- _EXERCISE DETAILS_
Range to copy from the entries below: the line containing "Love Books: Spoon" through the line containing "Wood Artistic Atelier", inclusive. Retype only those lines, exactly, without any images.

- _SOURCE RECORDS_
※ ※ ※

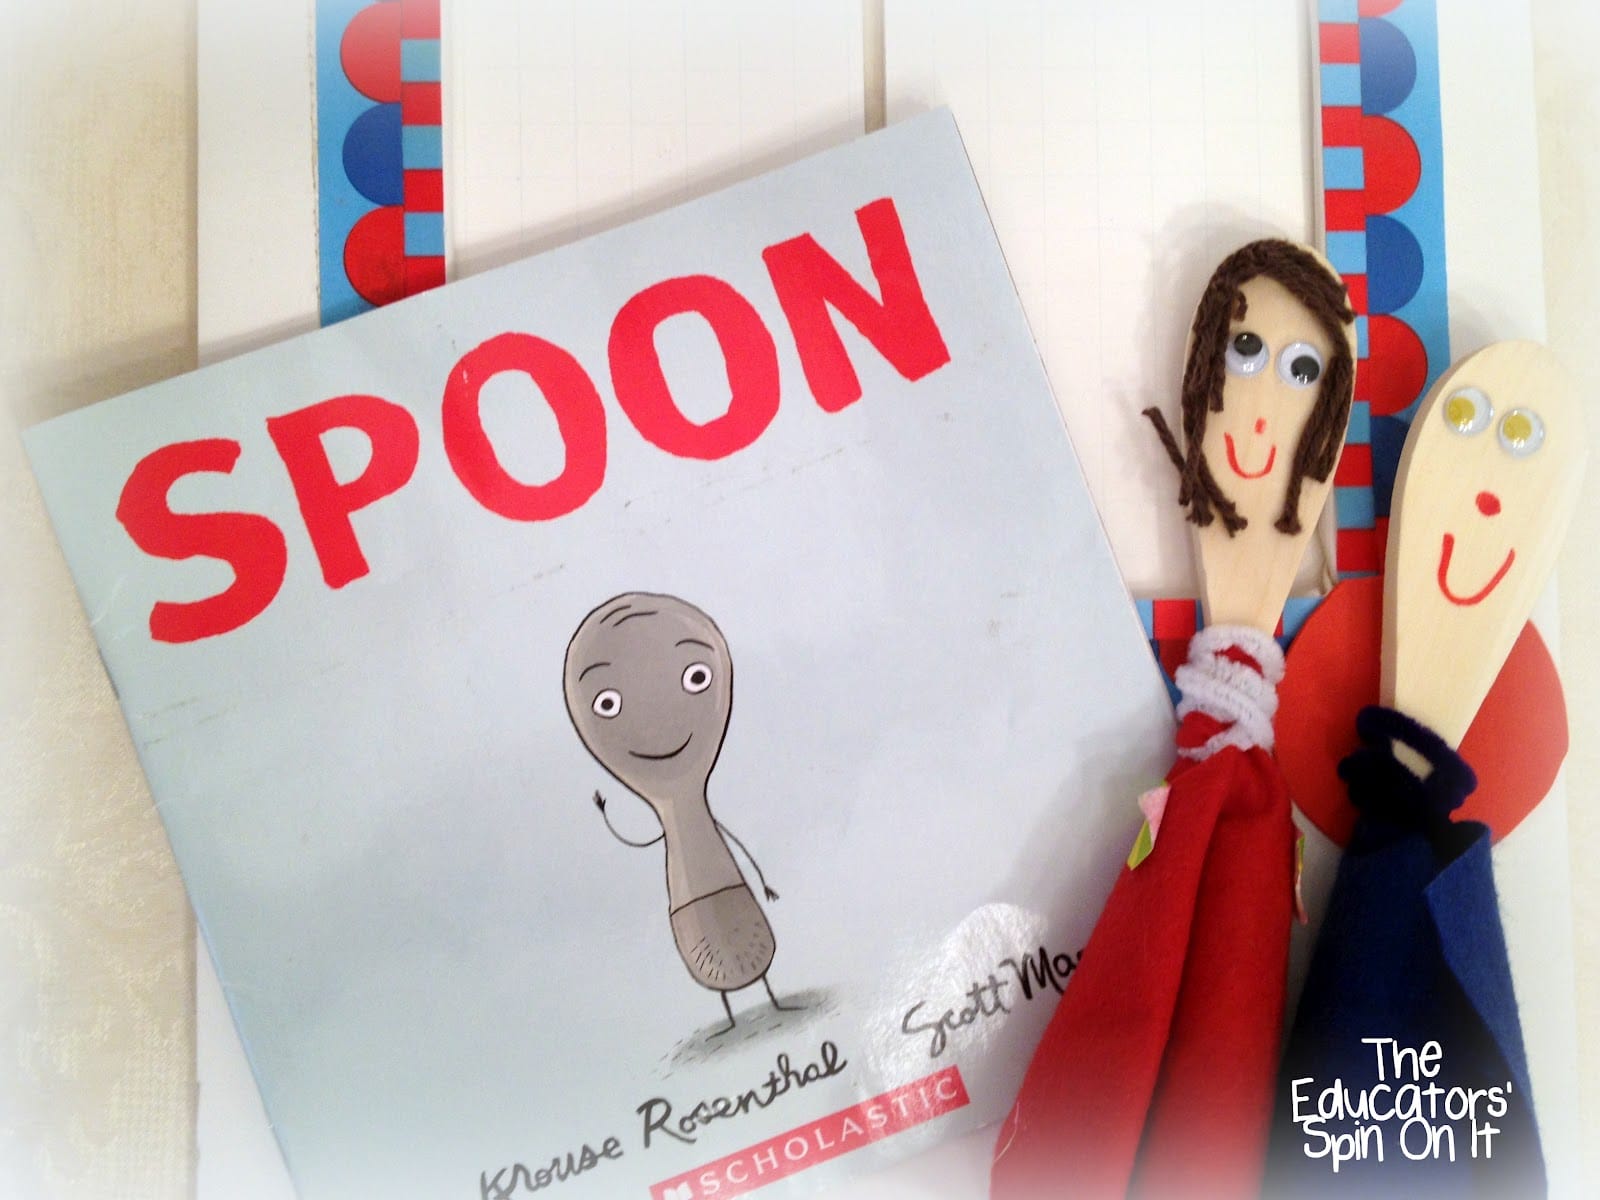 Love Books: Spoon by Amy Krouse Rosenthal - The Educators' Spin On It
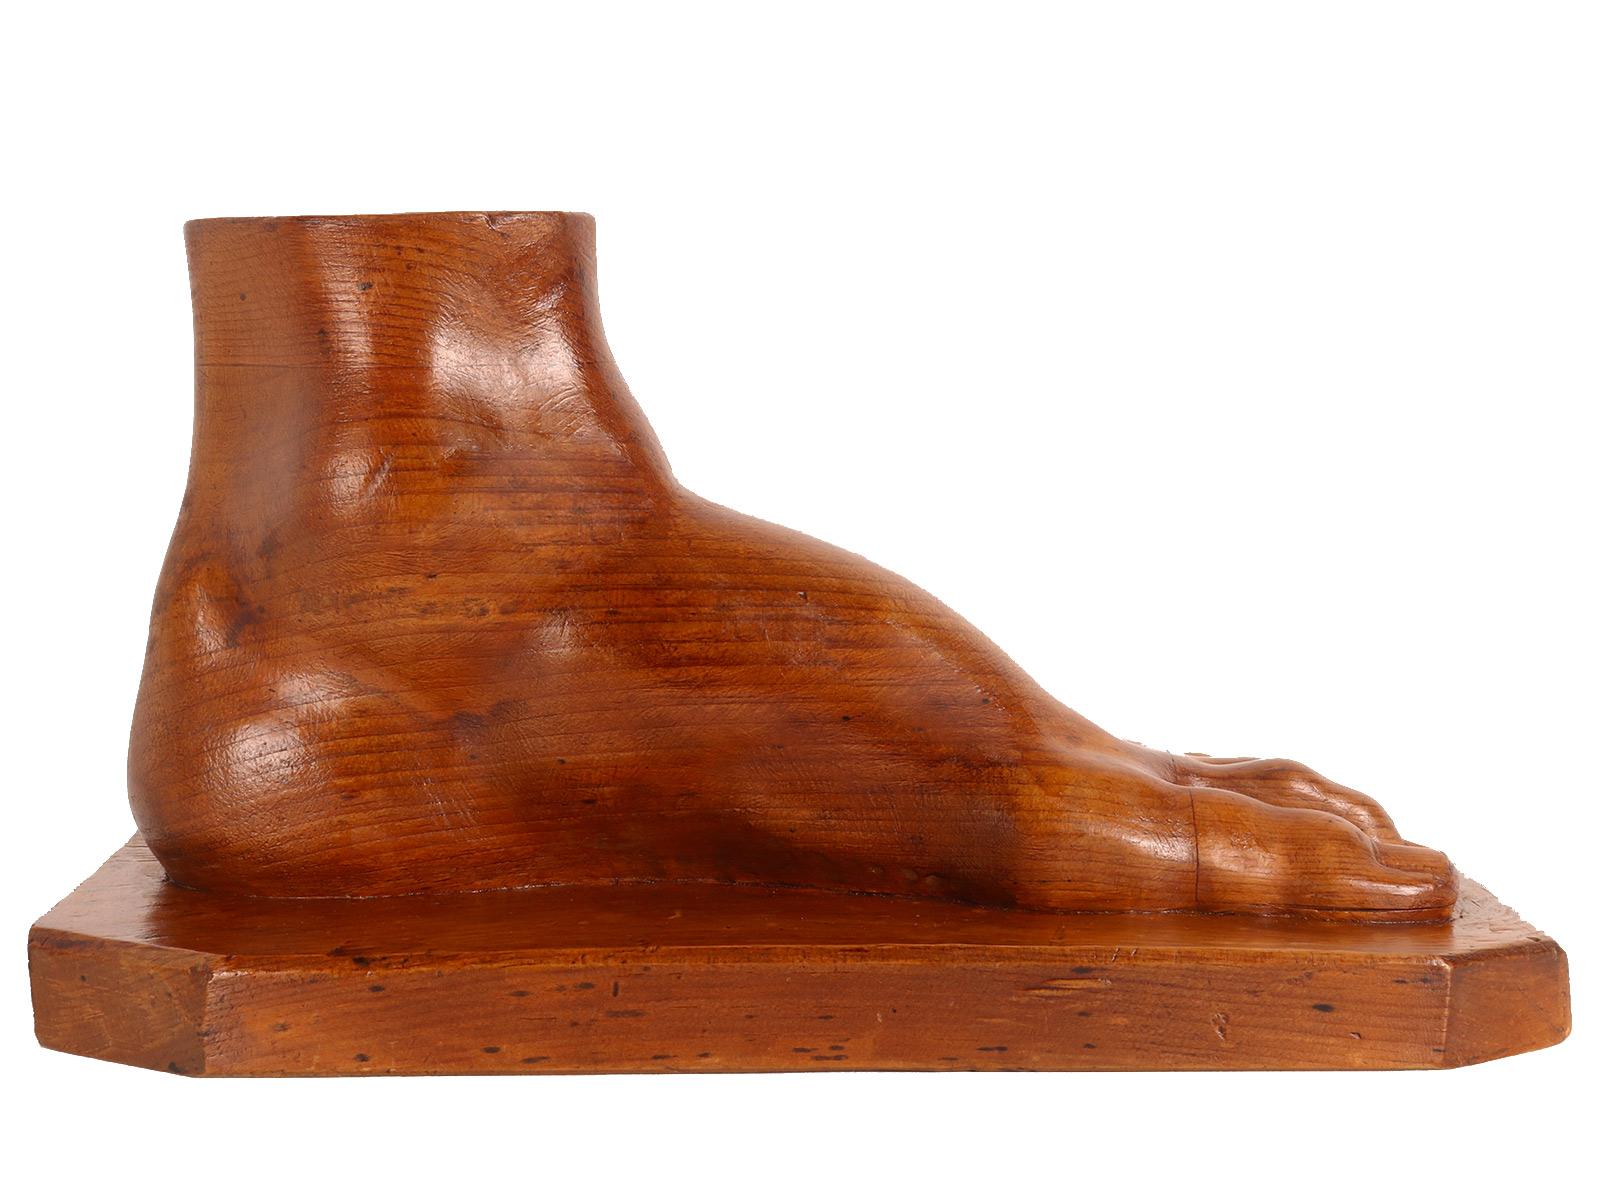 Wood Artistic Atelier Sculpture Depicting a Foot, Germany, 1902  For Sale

※ ※ ※

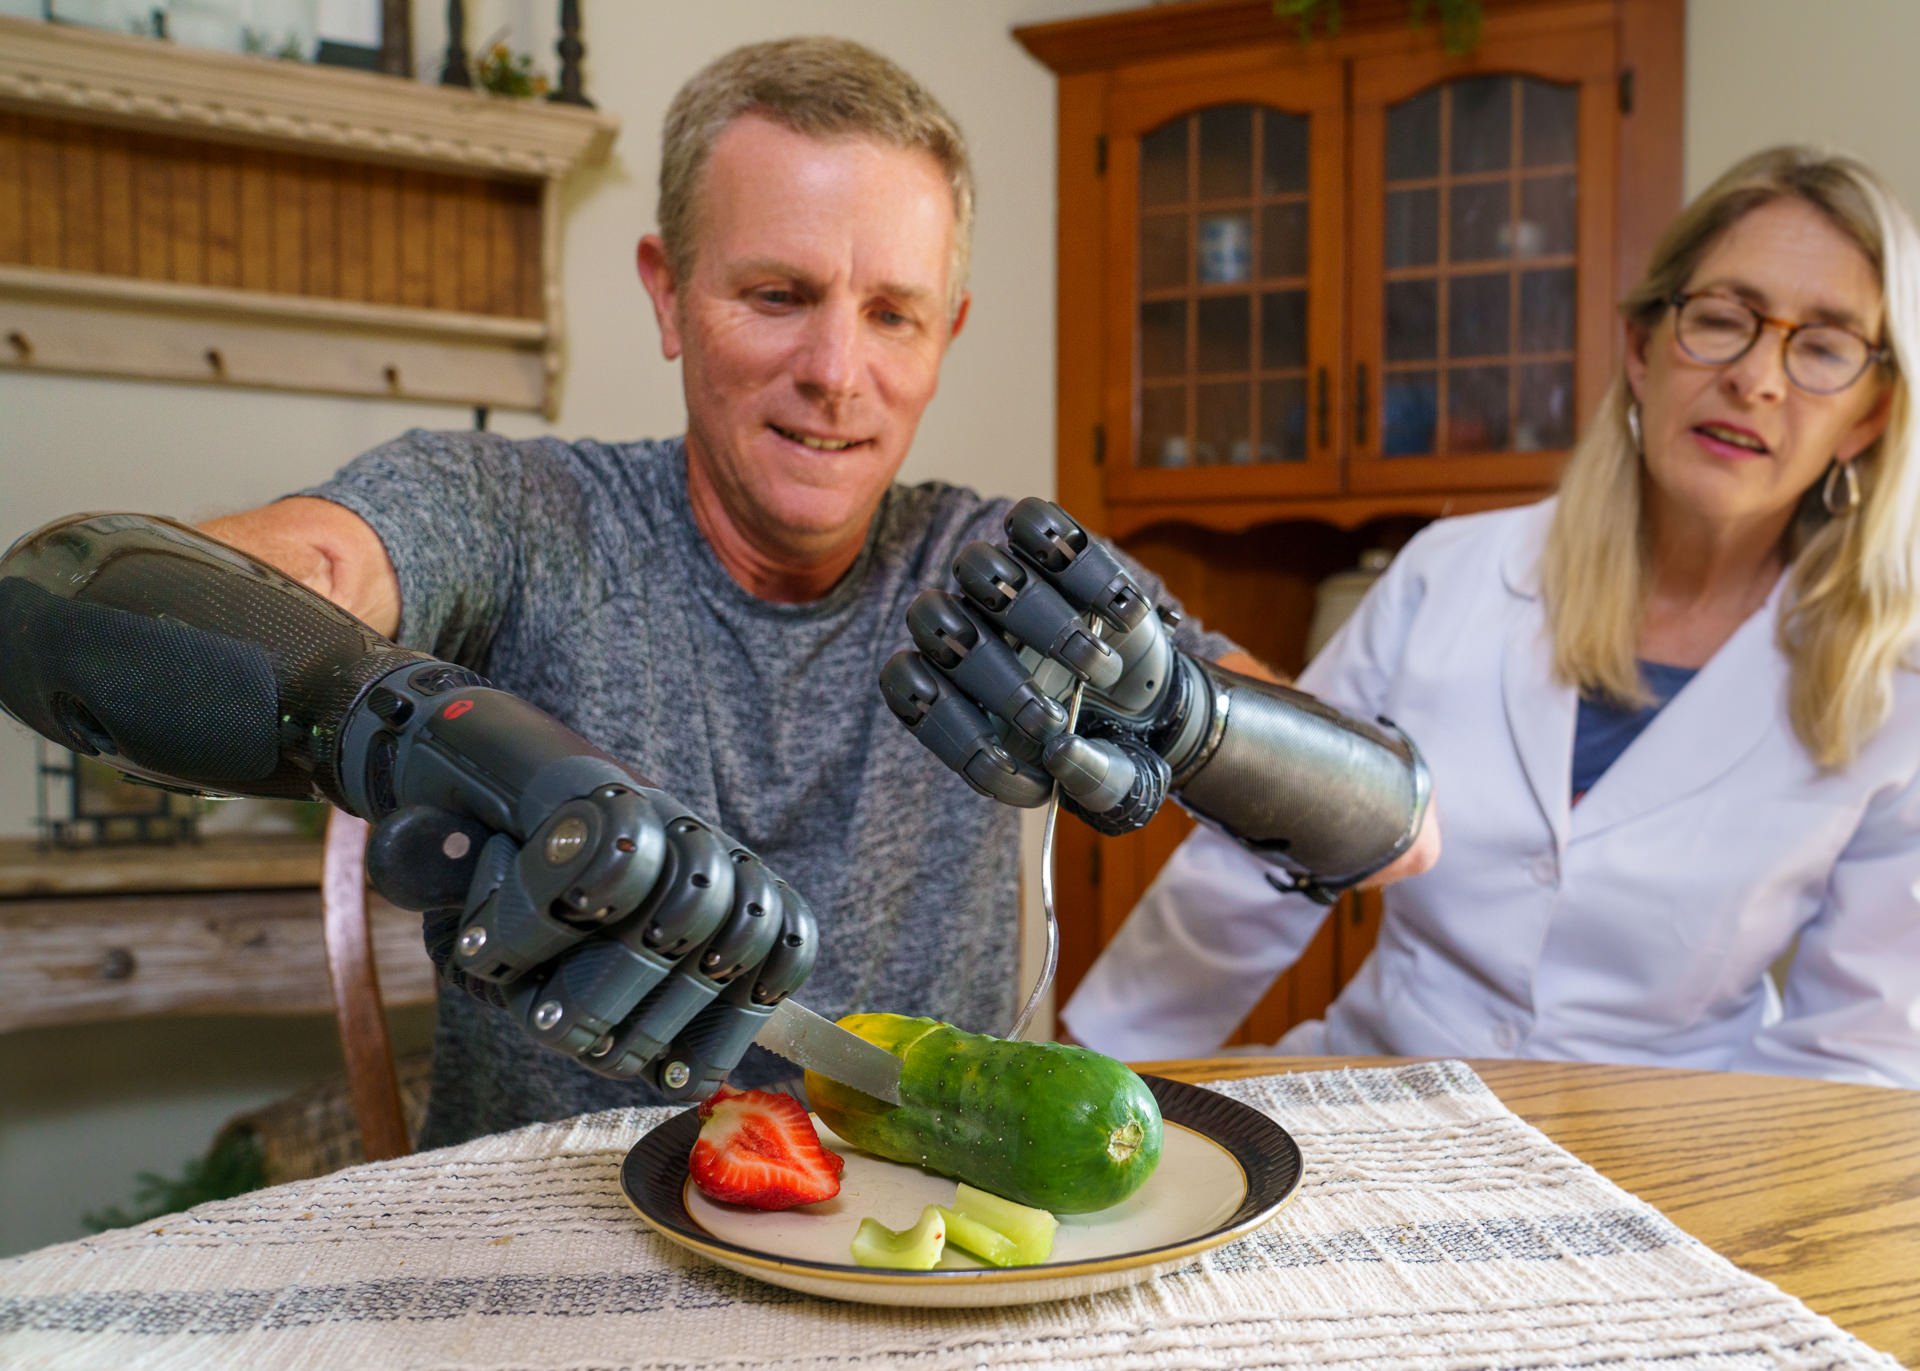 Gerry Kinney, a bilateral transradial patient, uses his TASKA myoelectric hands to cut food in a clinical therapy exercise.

※ ※ ※

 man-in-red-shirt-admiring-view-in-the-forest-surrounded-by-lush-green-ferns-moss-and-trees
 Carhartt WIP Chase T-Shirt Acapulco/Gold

※ ※ ※

- _REPLY TO THE EXERCISE_
 Love Books: Spoon by Amy Krouse Rosenthal - The Educators' Spin On It
 Wood Artistic Atelier Sculpture Depicting a Foot, Germany, 1902  For Sale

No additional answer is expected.